Where is the openly Hindu charity in Bharat today? RSS social work is laudatory and is being better publicised now due to the efforts of groups like Seva Bharati, but there is still a large unoccupied space for out & out Hindu charities. Our temples have been occupied by the secular state and their wealth is being siphoned off, but we must create some viable Hindu charities despite this huge obstacle. We cannot wait for the lengthy legal battle to reclaim temples to come to its logical conclusion. We must use modern tools of the digital age to build an ecosystem consisting of hundreds of such Hindu charities.

Big business and wealthy Hindus today are by & large de-Hinduized. So although we do have a Narayan Murthy and other rich Hindus doing charity, building universities & schools, the institutions they create are controlled by Hinduphobic academics and what we end up getting is a left-liberal university like Ashoka university.
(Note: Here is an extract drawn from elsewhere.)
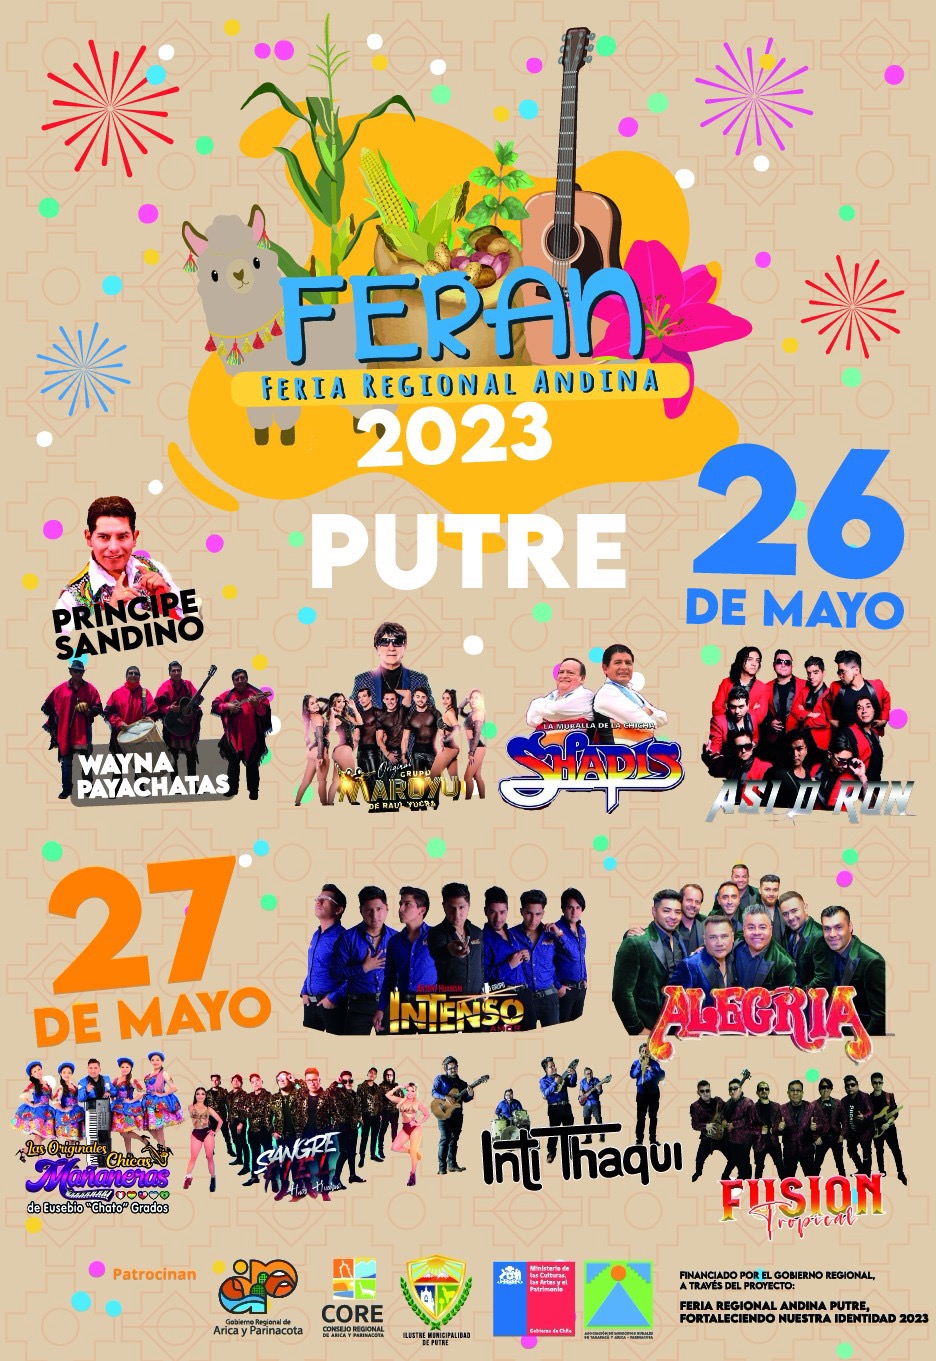 FERAN 2023 Putre Feria Regional Andina

This has to change – the ‘woke’ Hindus have to engage with big business and young entrepreneurs to correct their perspectives which have been moulded by secular-liberal frauds.

The bottomline is that Hindus and whatever party they choose to represent it don’t have much time – the demographic clock is ticking, and with each passing generation we are getting further de-Hinduized due to toxic school curriculum and sustained attack by mass media, missionary proxies etc. The time to act is now.

Hindus have no option but to campaign hard for Modi in the 2019 LS elections – return to power of Congress and other pseudo-secular forces in 2019 would deliver a death blow to the infant Indic ecosystem, kill the economy and and set in motion a chain of events which will most likely lead to a second partition. But at the same time, we have to go beyond politics and create the new socio-religious institutions that alone can ensure the survival of a robust Hindu civilization & presence in the next century. The coming decade appears to be a do-or-die moment in Hindu history.